It’s vital hardware, and your laptop isn’t going to get very far without it, but how often do you give a thought to your battery? In this Daily Feature, I’m going to give you some powerful facts that will get you charged about batteries.

What’s under the hood?
Three types of batteries power the laptops you’ll find in service today, nickel cadmium (NiCad), nickel metal hydride (NiMH), and lithium ion (Li-ion), with Li-ion being the most common in newer laptops. Each battery type has a different chemistry for generating a charge and, therefore, different characteristics.

The capacity of batteries is measured by power delivered per battery weight, rate of self-discharge, and useful cycles. Power is often measured in watt-hours per kilogram, or Wh/kg. Self-discharge refers to the fact that all batteries lose power when they’re stored. Cycle refers to how many times a battery can be taken from a full charge to a full discharge before the battery can no longer hold power.
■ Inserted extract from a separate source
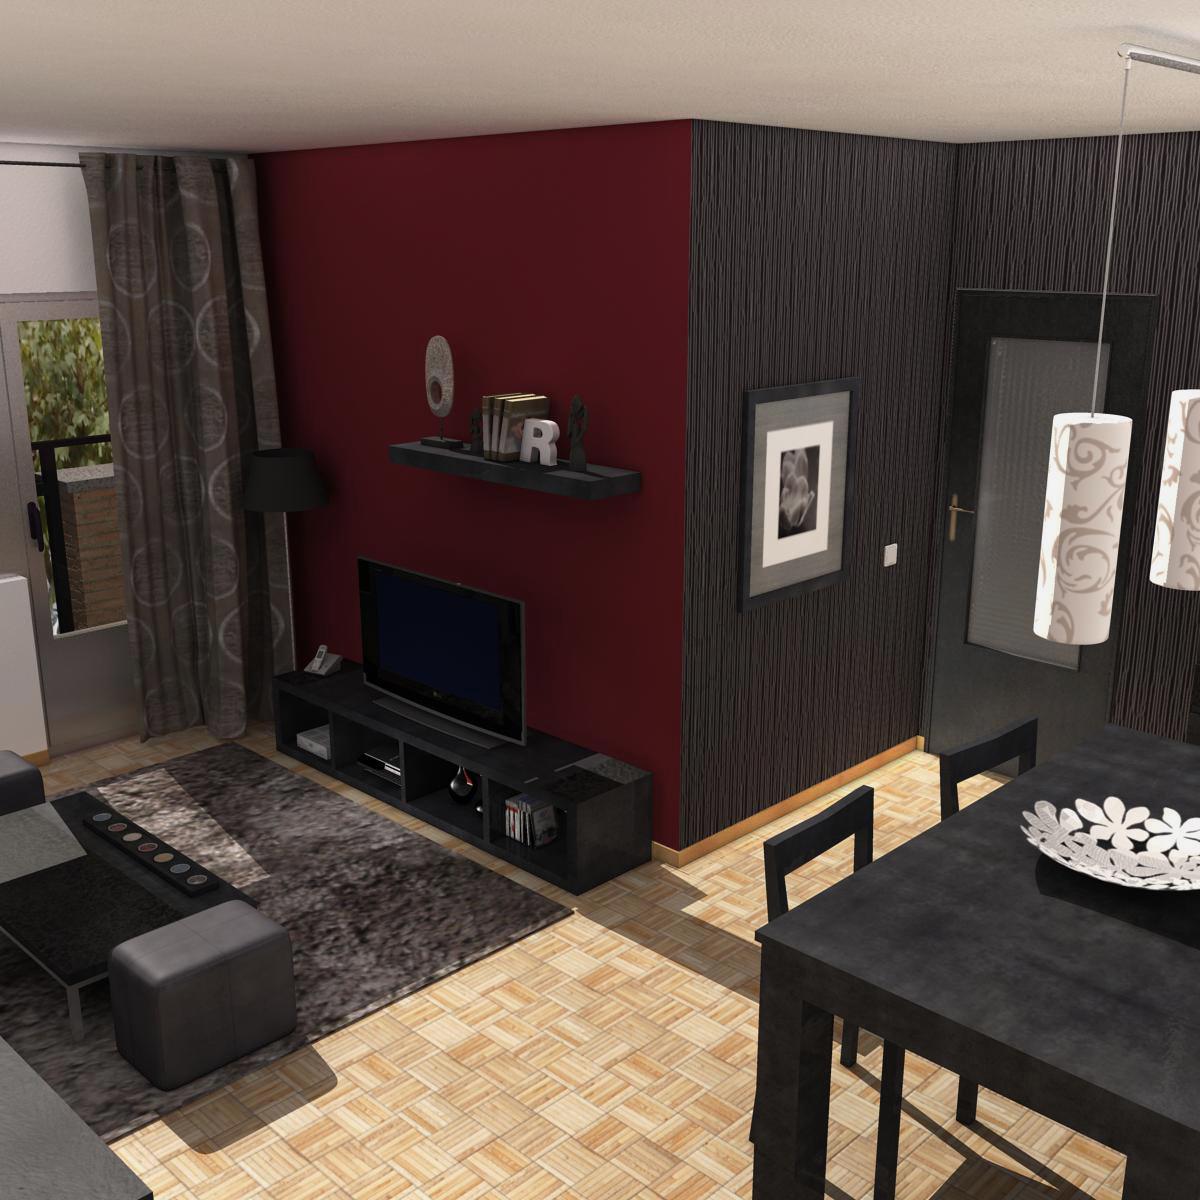 dzīvojamā istaba 3d modelis 3ds max fbx c4d ma mb obj 159609
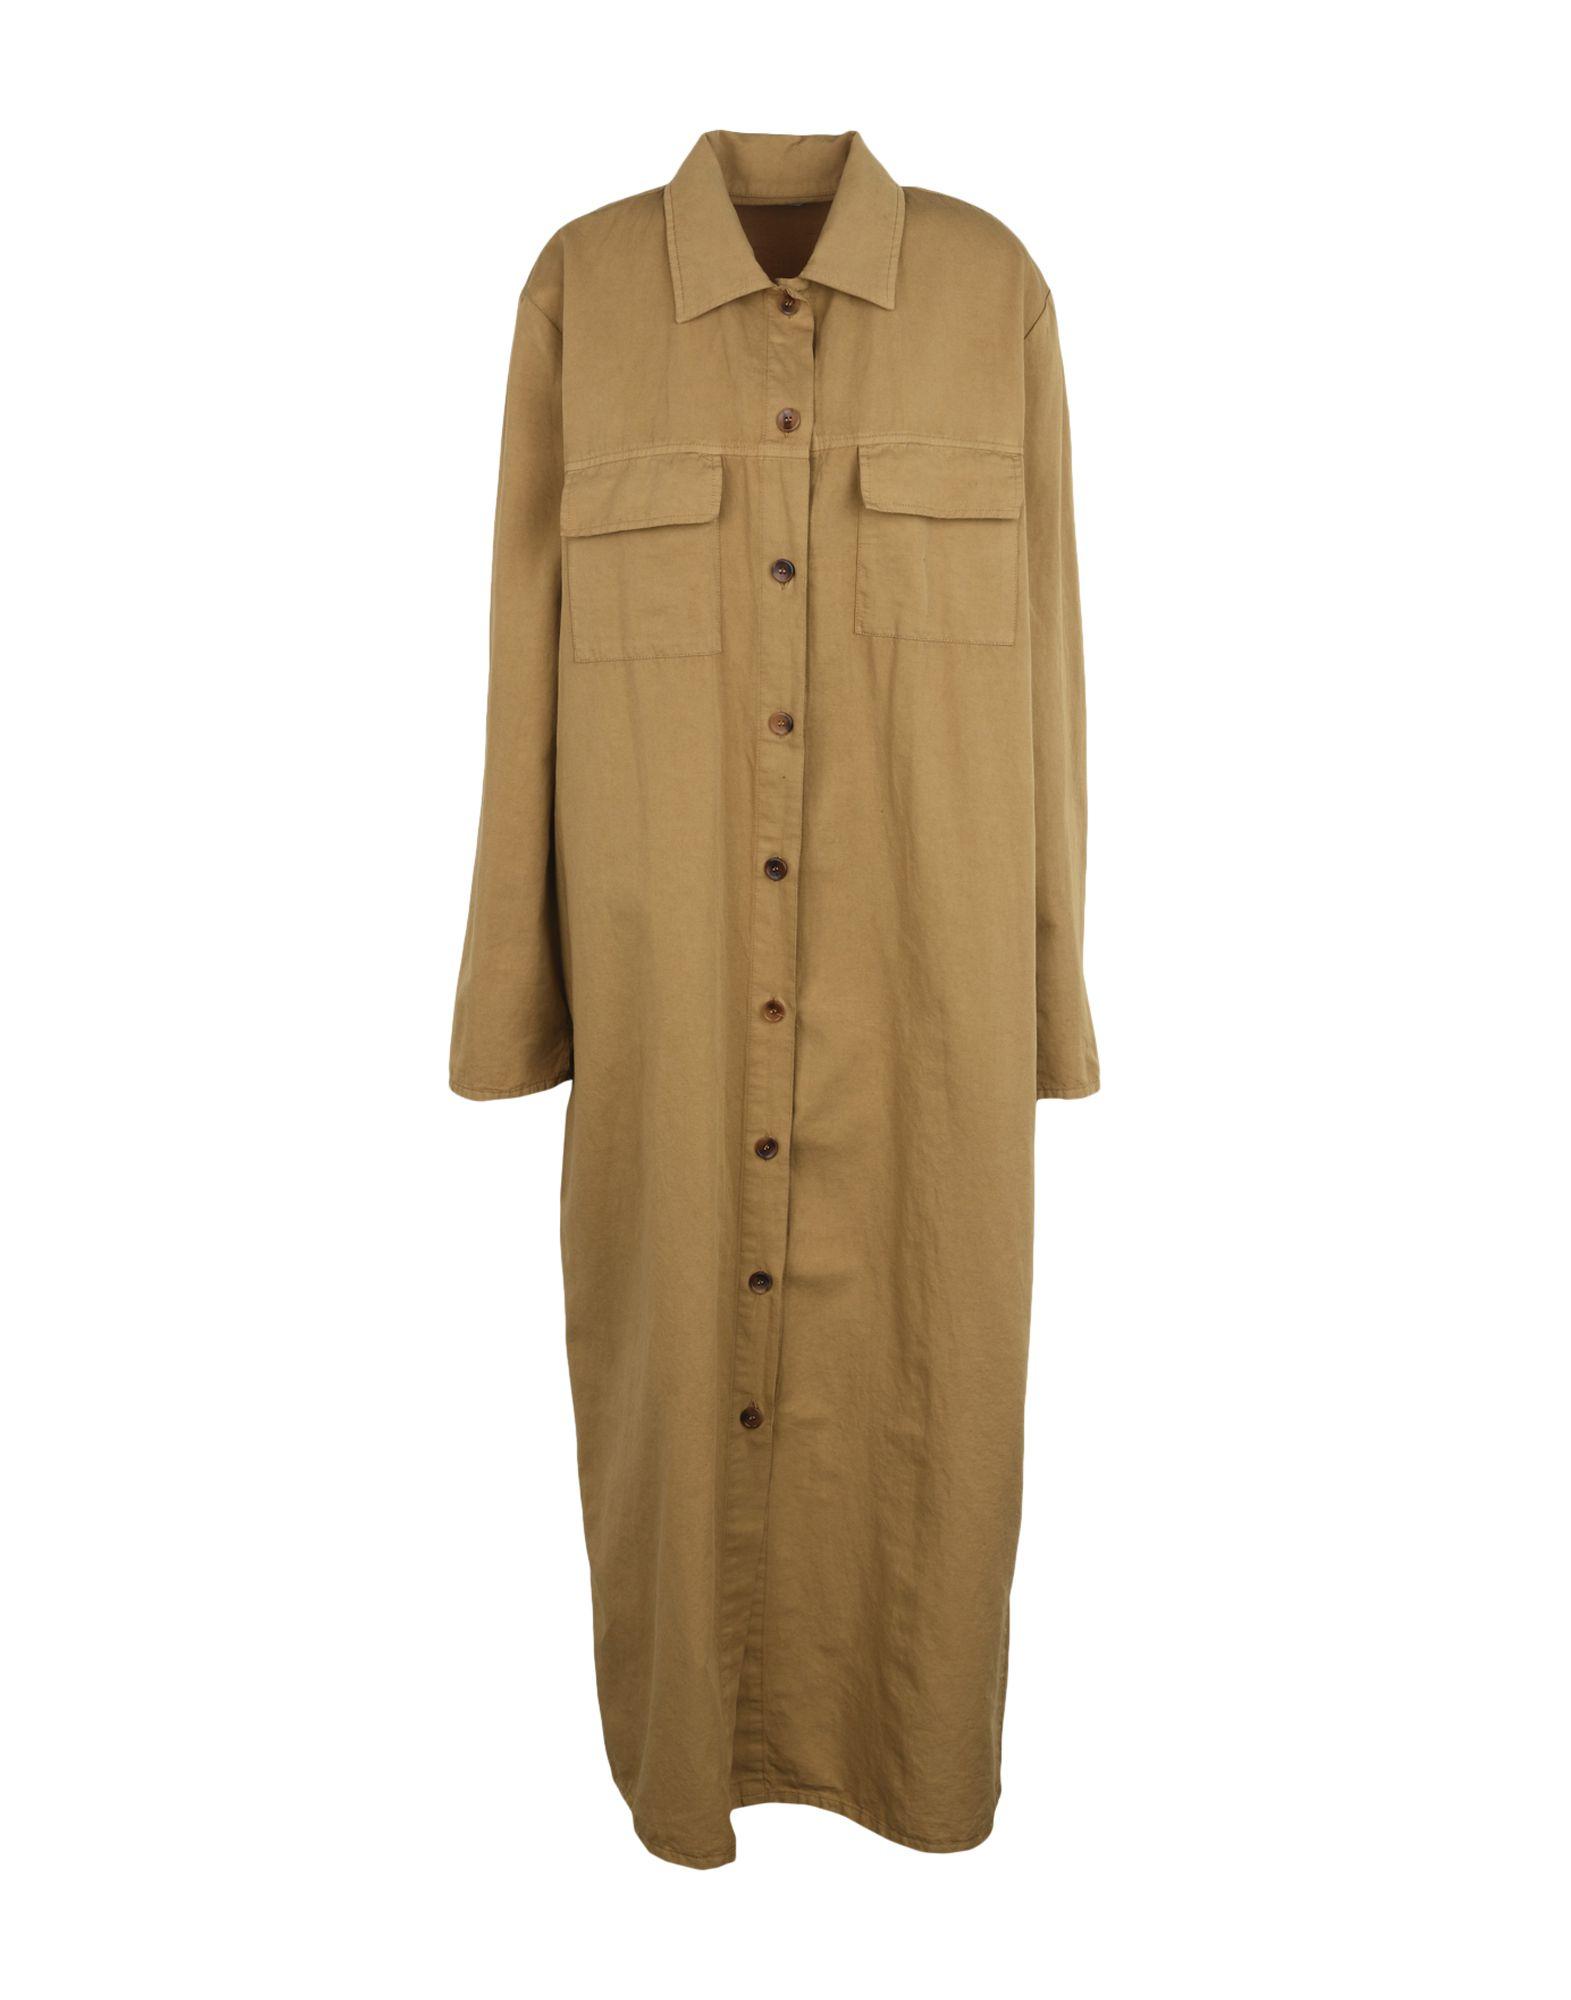 Robe En ChemiseAcheter Femmes À Ligne tessa kPnw8O0

The fact that batteries discharge over time is affected by temperature. At higher temperatures, the discharge rate is faster. The general rule to follow is to store them in a cool place and use them at room temperature.

Nickel cadmium
In tests performed in a lab by Cadex Electronics, Inc., nickel cadmium batteries had a life of 1500 cycles, which means they went from full charge to full discharge 1500 times before giving out. Because of the chemistry of this battery, however, NiCads can suffer from a so-called memory effect. The memory effect is a chemical reaction that takes place if the battery is not fully discharged before recharging. In this reaction, crystals form that inhibit a full charge. The battery seems to “remember” a lower level of charging. Incidentally, full discharge never means taking the battery down to 0 volts, which can irreversibly damage the battery. It means taking the battery down to a rated End of Discharge Voltage (EODV).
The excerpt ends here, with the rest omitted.